神経系の症状は年齢を経るにつれて徐々に明らかになってきます。症状としては、歩行がふらつく小脳失調や手足の感覚異常、けいれんなどを認めるようになります。

病気の経過中には、家族性血球貪食(どんしょく)性リンパ組織球症と呼ばれ、ウイルス感染などをきっかけとして症状が急激に増悪する状態となることもあります。この段階になると凝固障害、多臓器障害を発症し、死に至ることもあります。

検査・診断

チェディアック・東症候群では、血液中の血球成分の機能や形態を観察することから診断がされます。具体的には、白血球中に大きな顆粒が存在することを確認します。また白血球には、「NK細胞」や「細胞障害性T細胞」と呼ばれるものが存在していますが、これら細胞の機能が低下していることを確認します。

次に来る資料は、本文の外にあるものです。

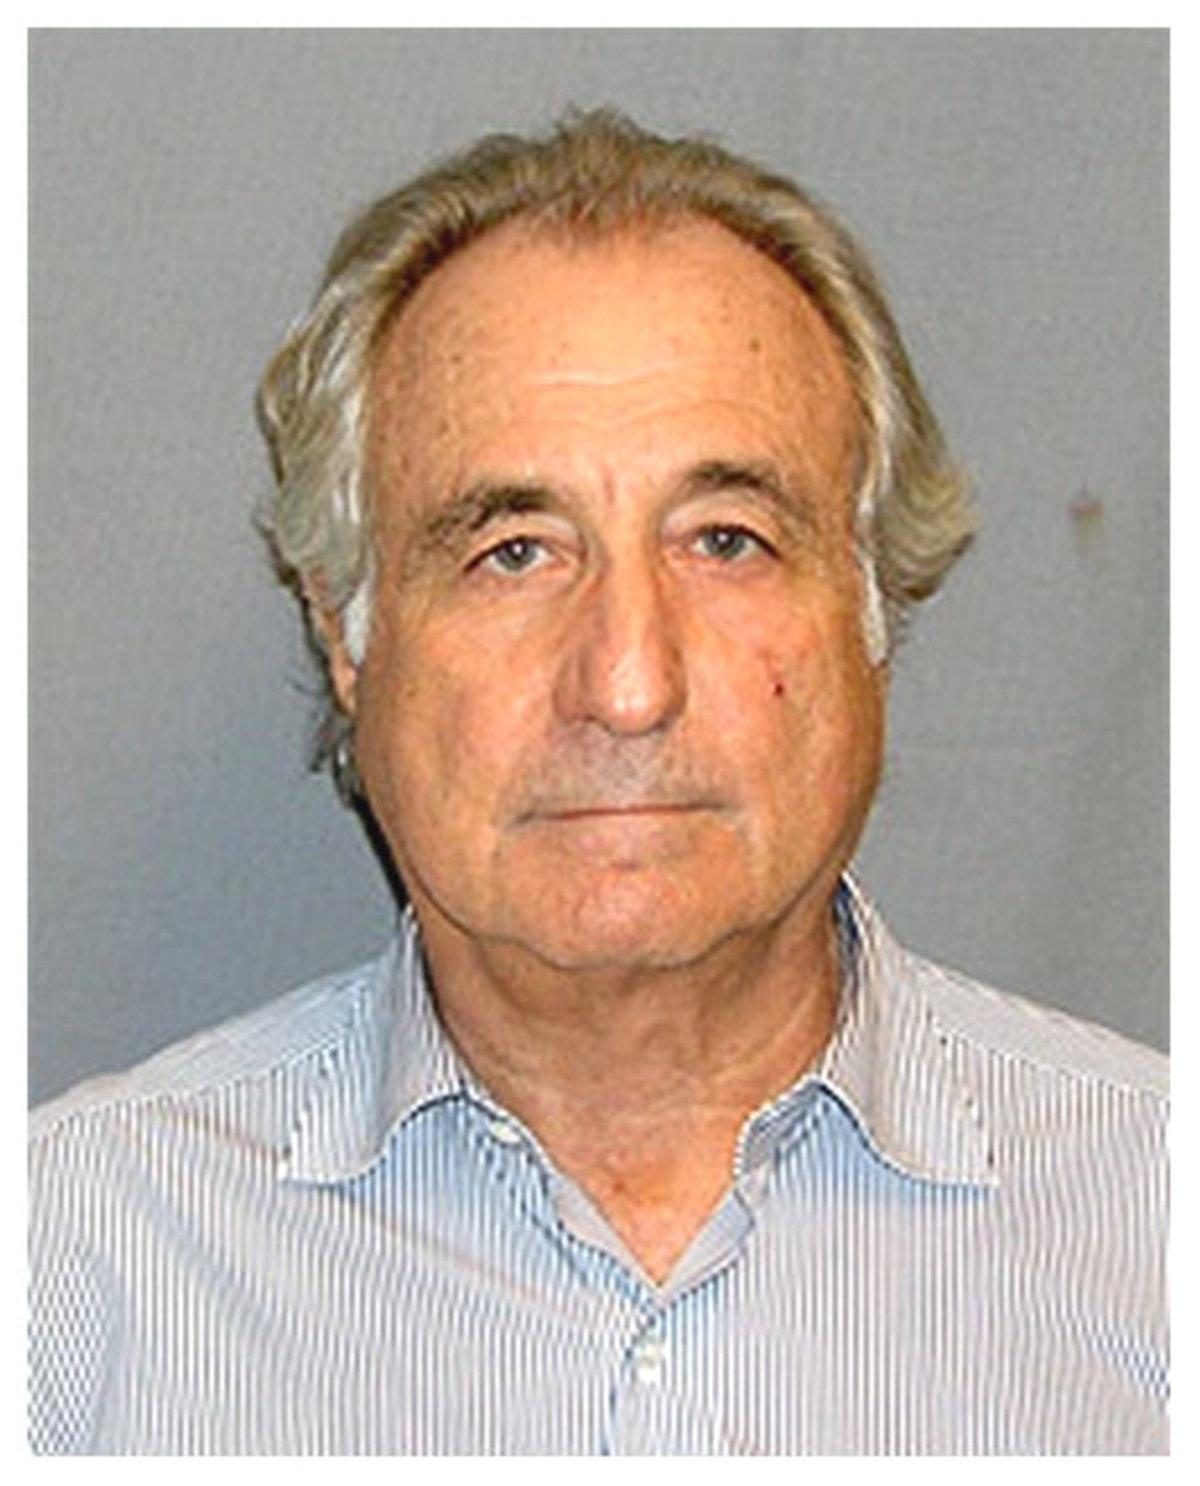 Bernard Madoff mugshot in circa 2008. (Photo courtesy Bureau of Prisons/Getty Images)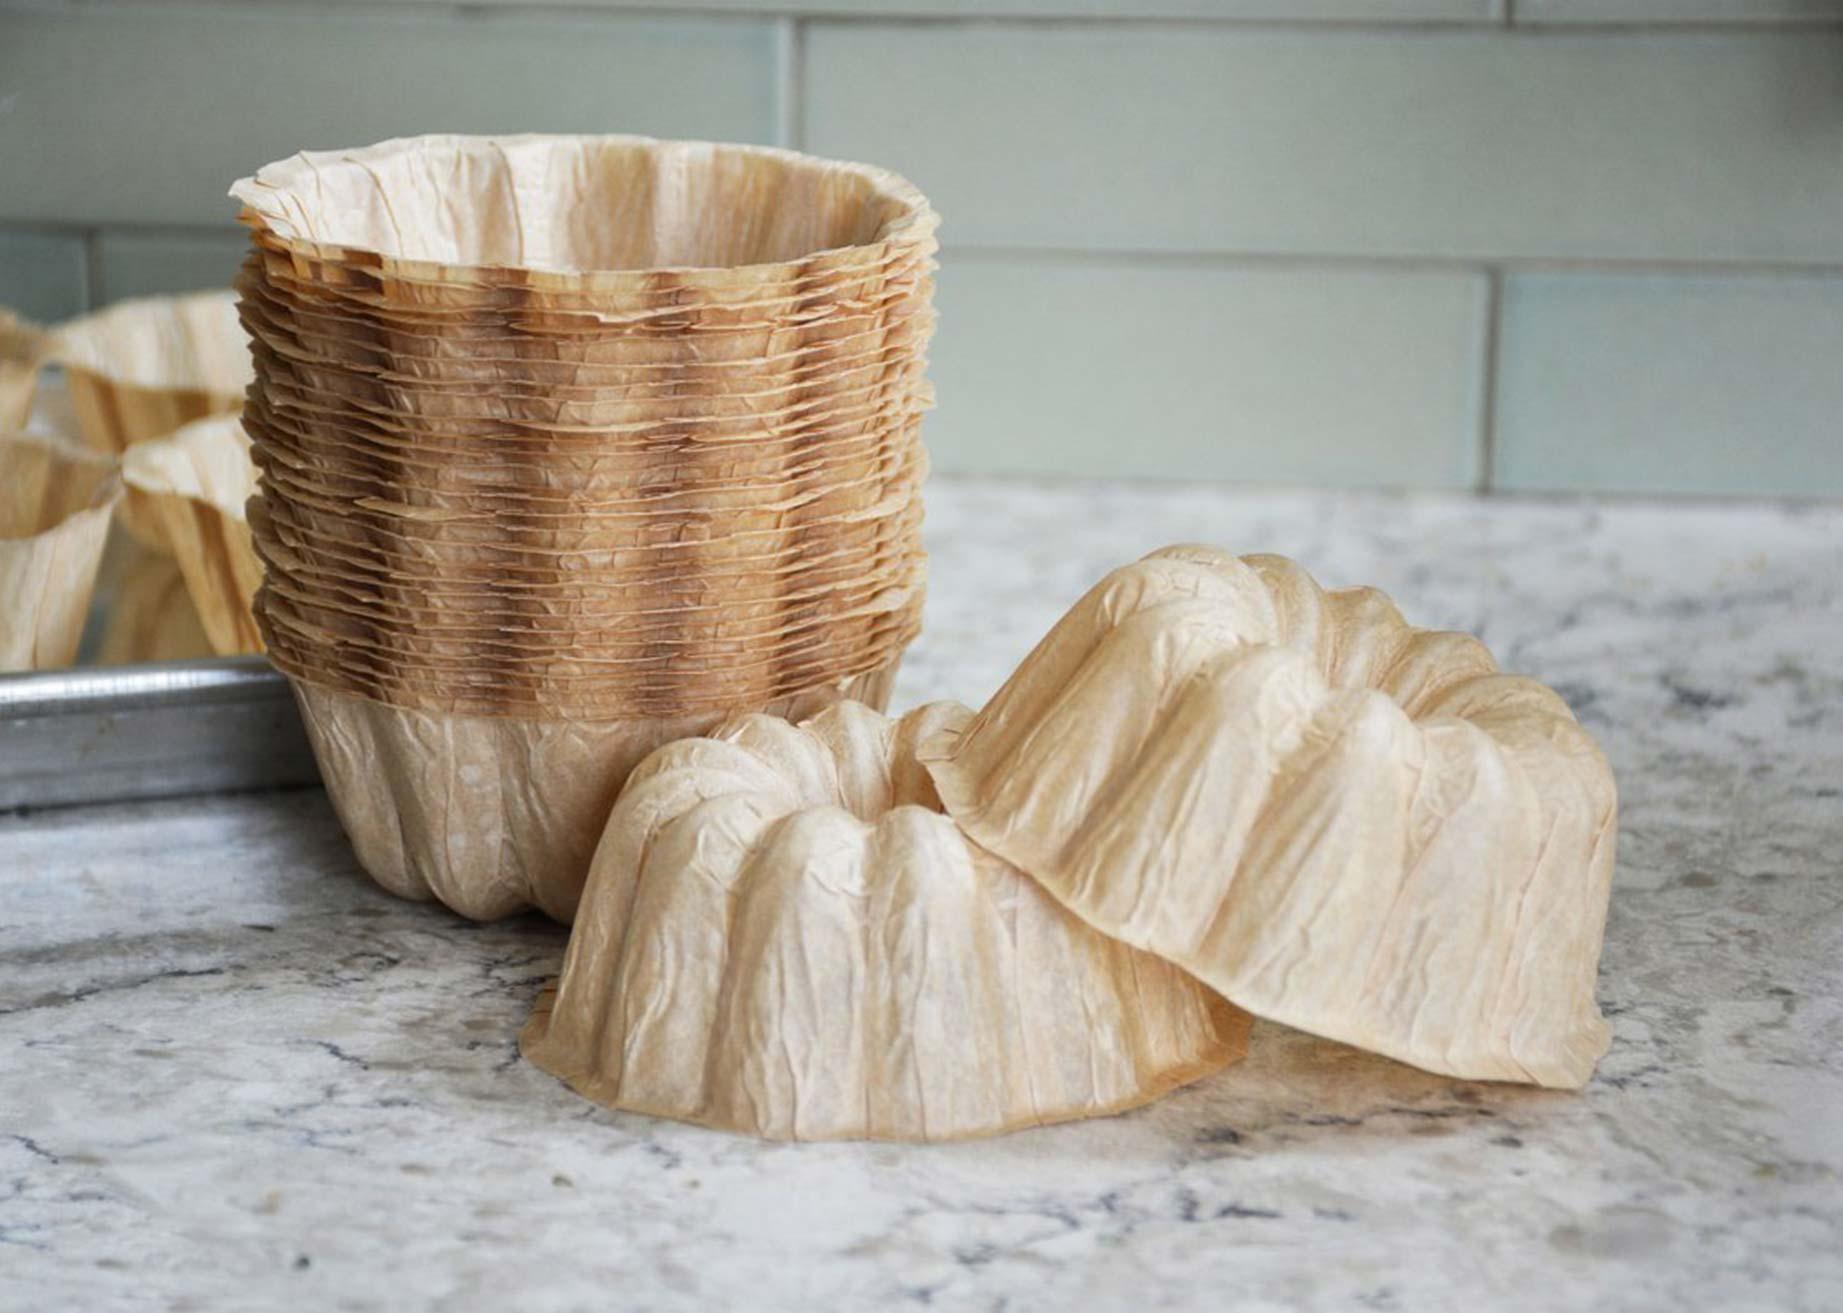 Novacart Bundt Cake baking molds

また、チェディアック・東症候群は、CHS1/LYSTと呼ばれる遺伝子に異常が存在することが原因で発症します。そのため、この遺伝子異常を確認するための遺伝子検査が行われることもあります。

治療

チェディアック・東症候群では、致死的になりうる免疫不全に対しての対応が重要になります。感染症を繰り返すことになるため、感染症を発症したときには適宜、抗生物質などの薬剤を投与することが重要になります。また、免疫不全は血球系の異常であるため、異常な血球と正常な血球を入れ替えることが根本的な治療法になります。したがって、チェディアック・東症候群では「造血幹細胞移植」が選択されることになります。

しかし、造血幹細胞移植を行っても、色素や神経の症状が治まる訳ではありません。色素低下に関連した光過敏症に対しては、帽子をかぶる、光を極力避けるなどの紫外線対策が必要です。神経系の症状についても支持療法が中心となり、たとえば、けいれんを発症するようであれば抗けいれん薬が適応となります。歩行のふらつきが強い場合には、車いすの使用なども検討されます。